Limits to Corporate Bond Issuance in Proportion to Legal Capital
How EU member states regulate the amount of corporate bonds a company may issue relative to its capital or equity base — EU countries, March 2026.
Analysis: Prof. Marco Ventoruzzo (Bocconi University) · Visualisation: ECGI
Classification involves simplifications and is intended as illustrative of the scope and rigidity of mandatory limits imposed by national corporate law. Hover over any EU country for details. For a full accessible text alternative, use the data table below the map.
This visualisation shows an interactive map of Europe classifying EU member states into three categories based on whether their corporate law imposes rigid limits, flexible limits, or no limits on the amount of bonds a company may issue relative to its capital or equity base. A full data table is provided below the map as a text alternative.

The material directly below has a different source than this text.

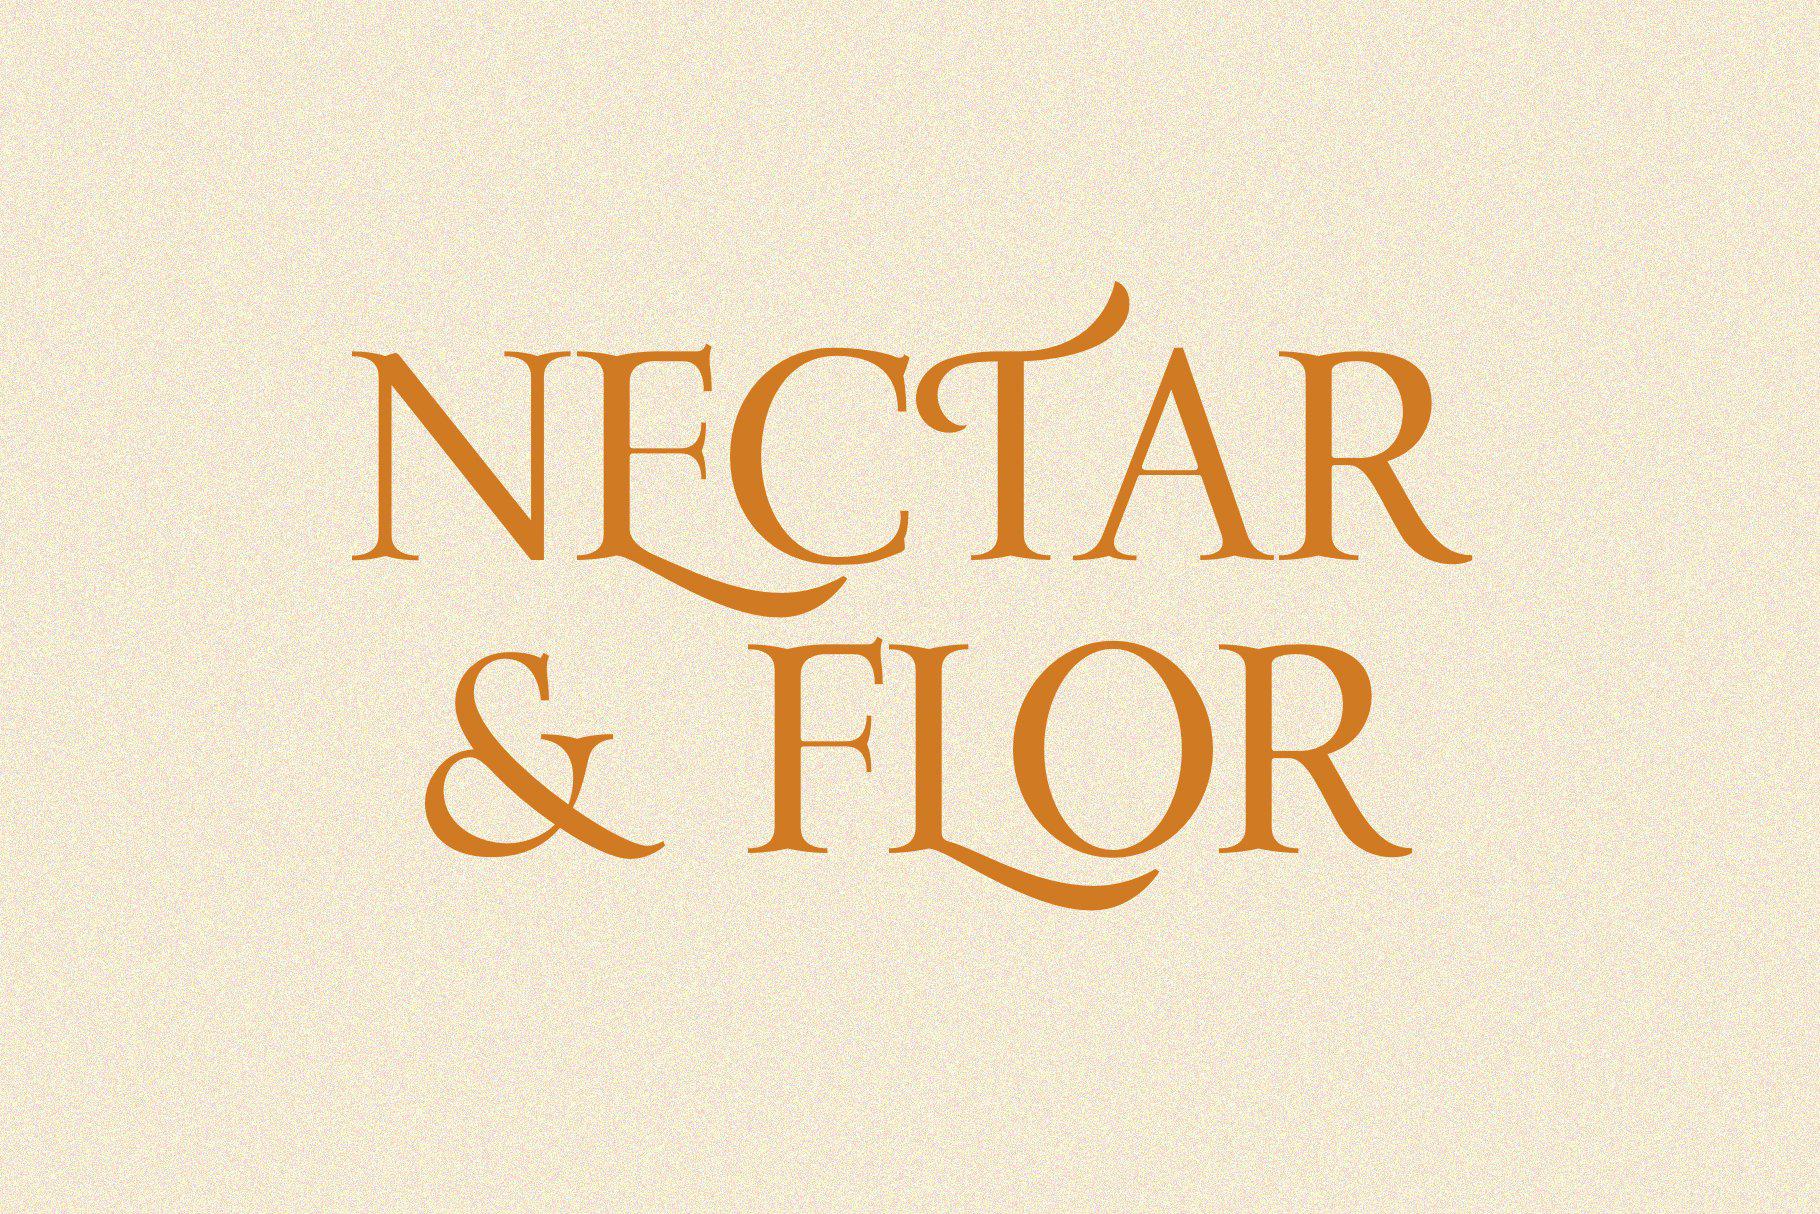 Nectar & Flor

“Rigid limits”: rules setting a general mandatory cap on bond issuance with limited exemptions. “Flexible limits”: systems with some limitations, significantly more flexible than rigid systems. “No limits”: bond amount substantially left to private ordering and negotiation. Classification involves simplifications; for illustrative purposes only. Source: Prof. Marco Ventoruzzo analysis, March 2026.
View full country data table (text alternative for this map)
| Member state | Classification | Detail |
|---|---|---|
| Austria | Flexible limits | Flexible ratio-based constraints |
| Belgium | Flexible limits | Flexible limits; board discretion applies |
| Bulgaria | Rigid limits | Rigid capital-based cap on bond issuance |
| Croatia | Flexible limits | Flexible limits |
| Cyprus | Flexible limits | Flexible limits |
| Czechia | Flexible limits | Flexible limits |
| Denmark | No limits | No statutory cap on bond issuance volume |
| Estonia | No limits | No statutory cap on bond issuance volume |
| Finland | Flexible limits | Flexible limits |
| France | Rigid limits | Art. L228-39 Code de Commerce: cap tied to equity base |
| Germany | Flexible limits | No general cap; flexible market-based constraints |
| Greece | Flexible limits | Flexible limits |
| Hungary | Flexible limits | Flexible limits |
| Ireland | No limits | No statutory cap on bond issuance volume |
| Italy | Rigid limits | Art. 2412 c.c.: bonds capped at twice share capital plus legal and available reserves |
| Latvia | No limits | No statutory cap on bond issuance volume |
| Lithuania | Flexible limits | Flexible limits |
| Luxembourg | Flexible limits | Flexible limits |
| Malta | Flexible limits | Flexible limits |
| Netherlands | No limits | No statutory cap on bond issuance volume |
| Poland | Flexible limits | Flexible limits |
| Portugal | Rigid limits | Art. 349 CSC: financial autonomy ratio — equity must represent at least 35% of assets after issuance |
| Romania | Rigid limits | Rigid capital-based cap on bond issuance |
| Slovakia | Flexible limits | Flexible limits |
| Slovenia | Flexible limits | Flexible limits |
| Spain | Flexible limits | Flexible limits |
| Sweden | No limits | No statutory cap on bond issuance volume |
Note: classification involves simplifications and is intended as illustrative only. Portugal's rule (Art. 349 CSC) operates via a financial autonomy ratio rather than a nominal cap, but is classified as “rigid” given the structural equity constraint it imposes. Source: Prof. Marco Ventoruzzo analysis, March 2026.